[[ DATASET EXCERPTS open ]]

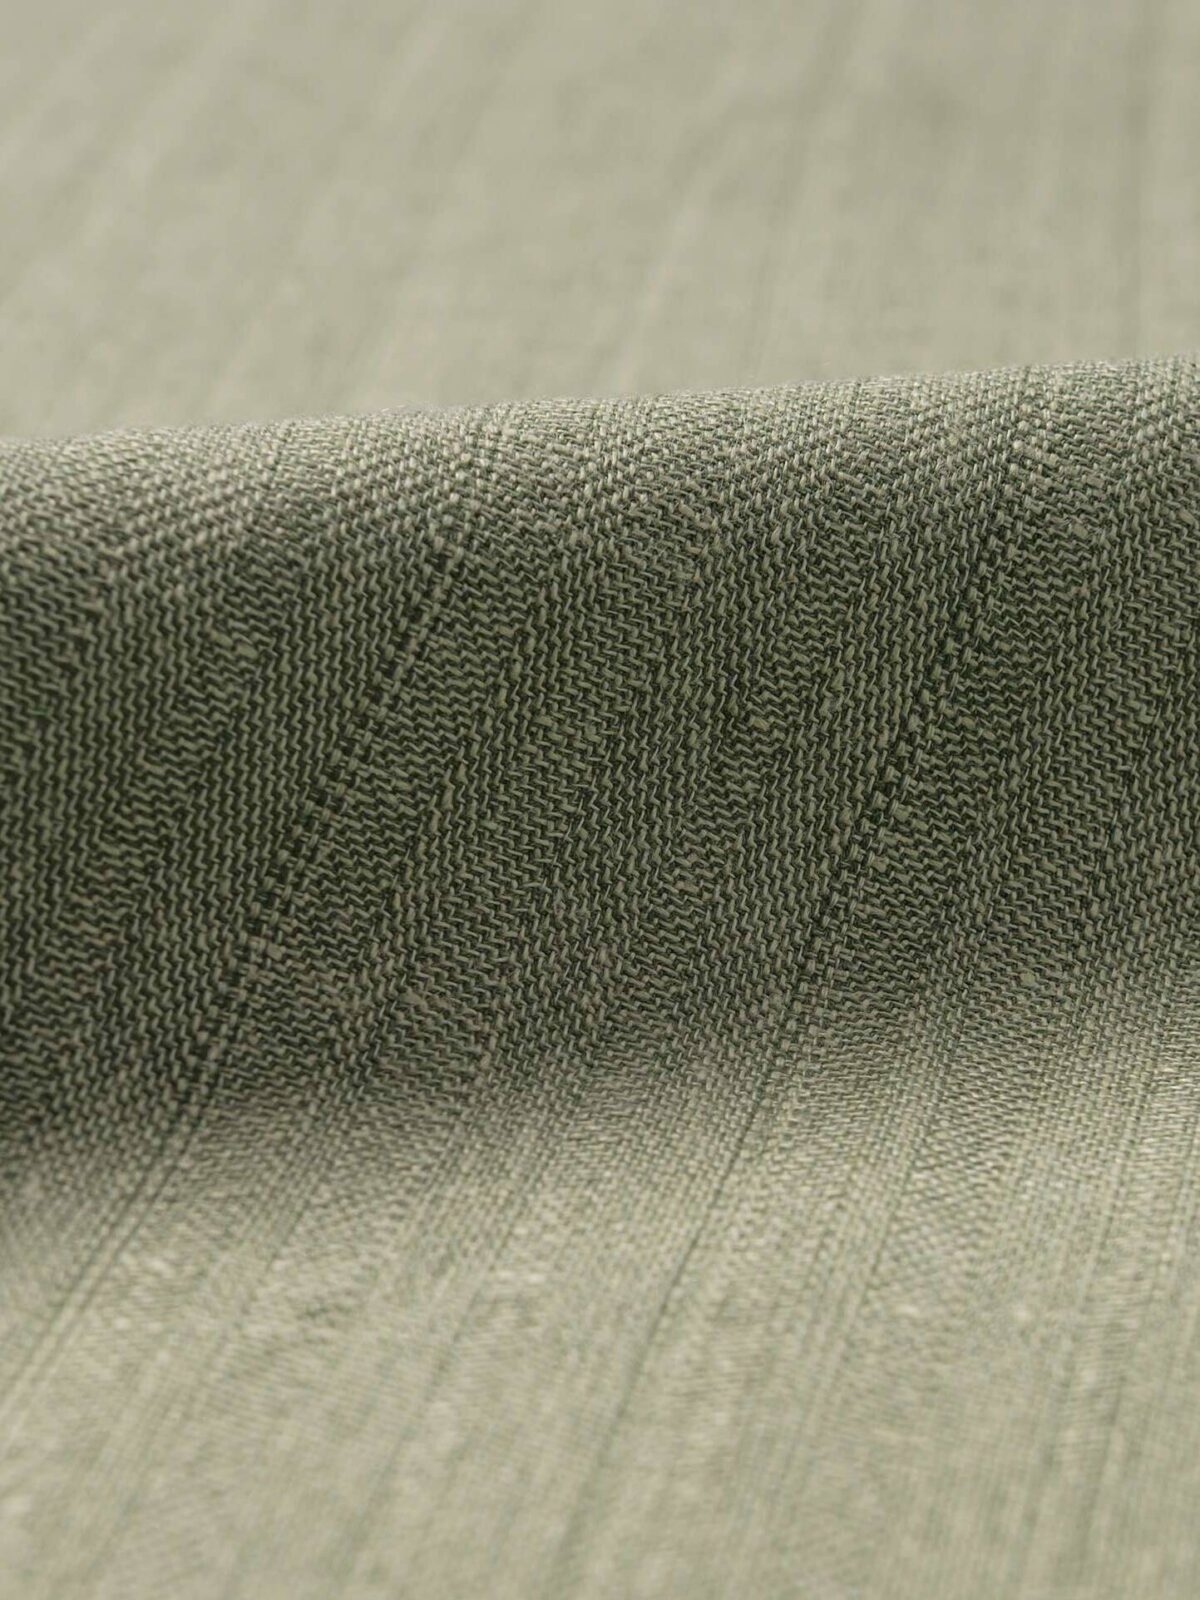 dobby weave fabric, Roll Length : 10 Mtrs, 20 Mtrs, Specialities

[[ DATASET EXCERPTS closed ]]
[[ DATASET EXCERPTS open ]]

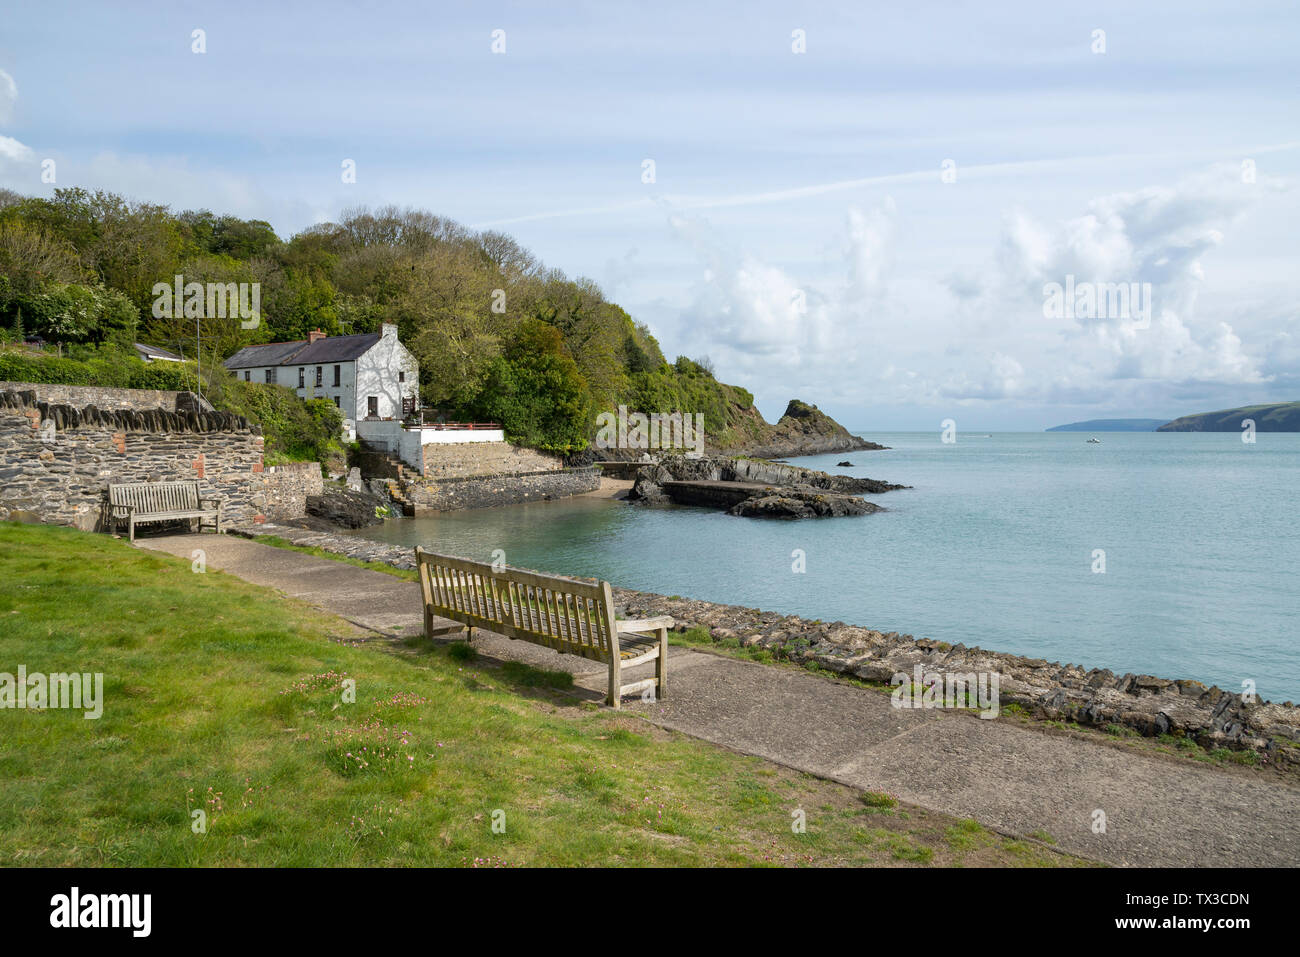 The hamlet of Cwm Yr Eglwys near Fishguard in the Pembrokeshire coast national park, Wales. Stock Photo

[[ DATASET EXCERPTS closed ]]
[[ DATASET EXCERPTS open ]]

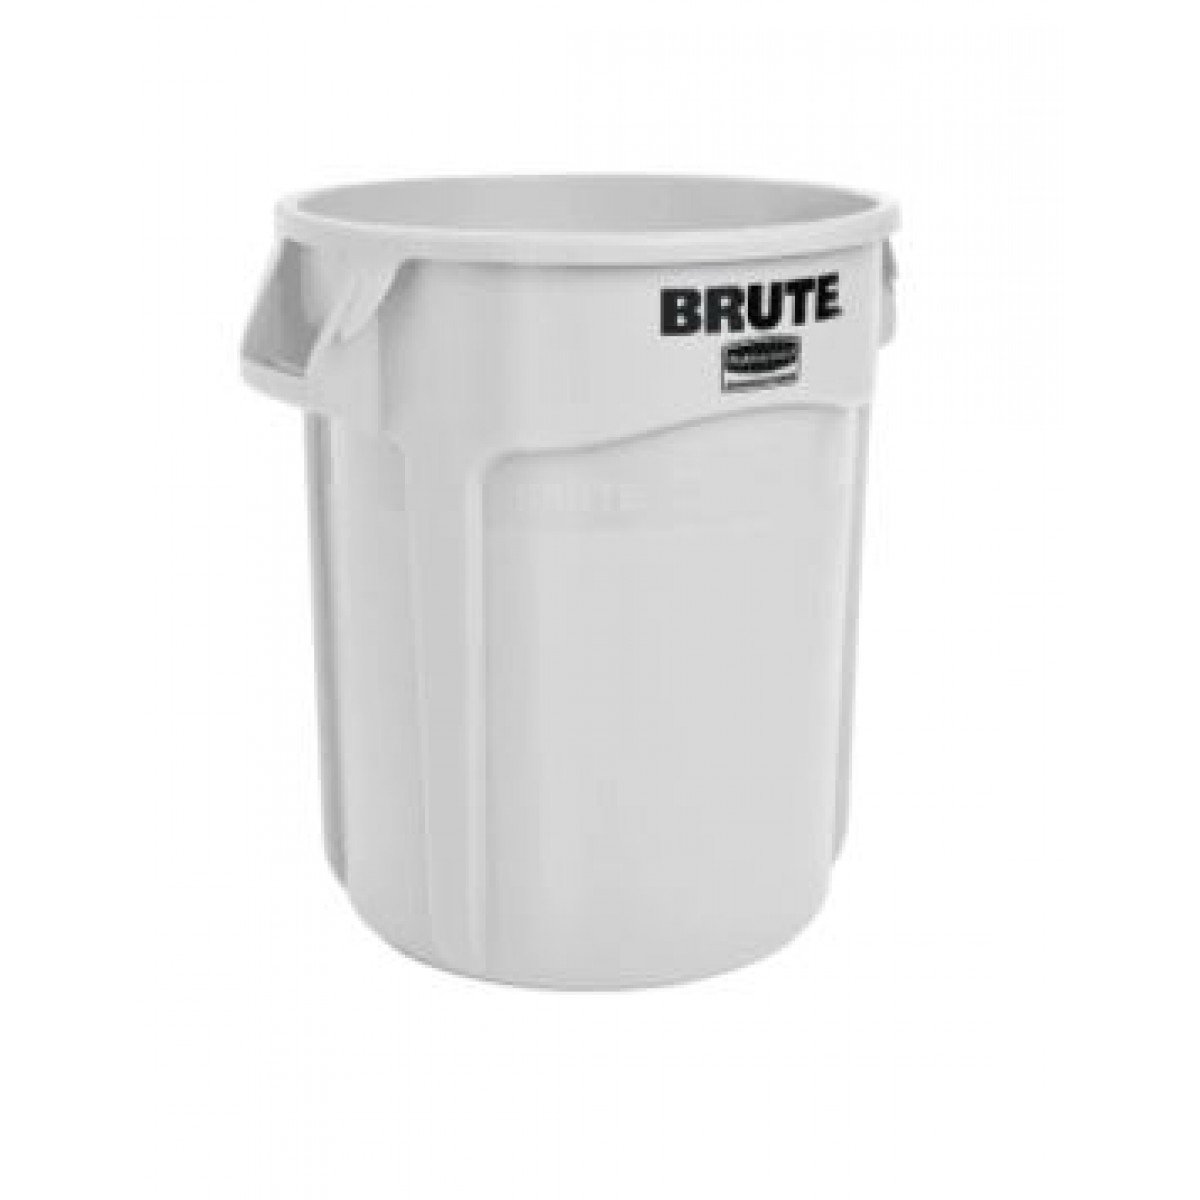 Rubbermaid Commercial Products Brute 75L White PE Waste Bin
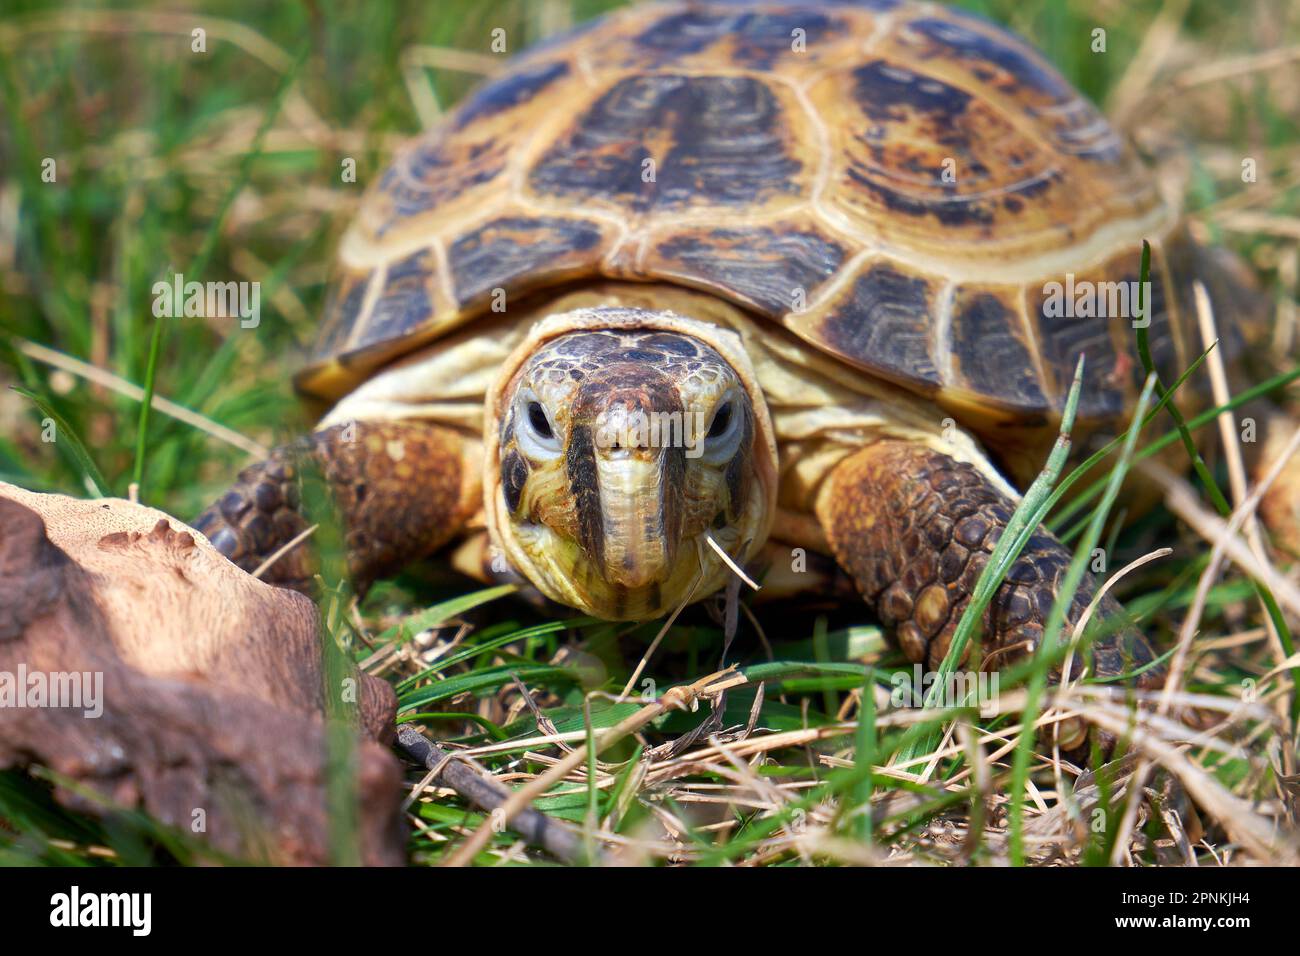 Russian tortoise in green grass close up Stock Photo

[[ DATASET EXCERPTS closed ]]

PROBLEM TO SOLVE
Reproduce the listing above from the line that holds "Rubbermaid Commercial Products" through the line that holds "Russian tortoise in", both included, with the pictures left out.

WRITTEN SOLUTION
 Rubbermaid Commercial Products Brute 75L White PE Waste Bin
 Russian tortoise in green grass close up Stock Photo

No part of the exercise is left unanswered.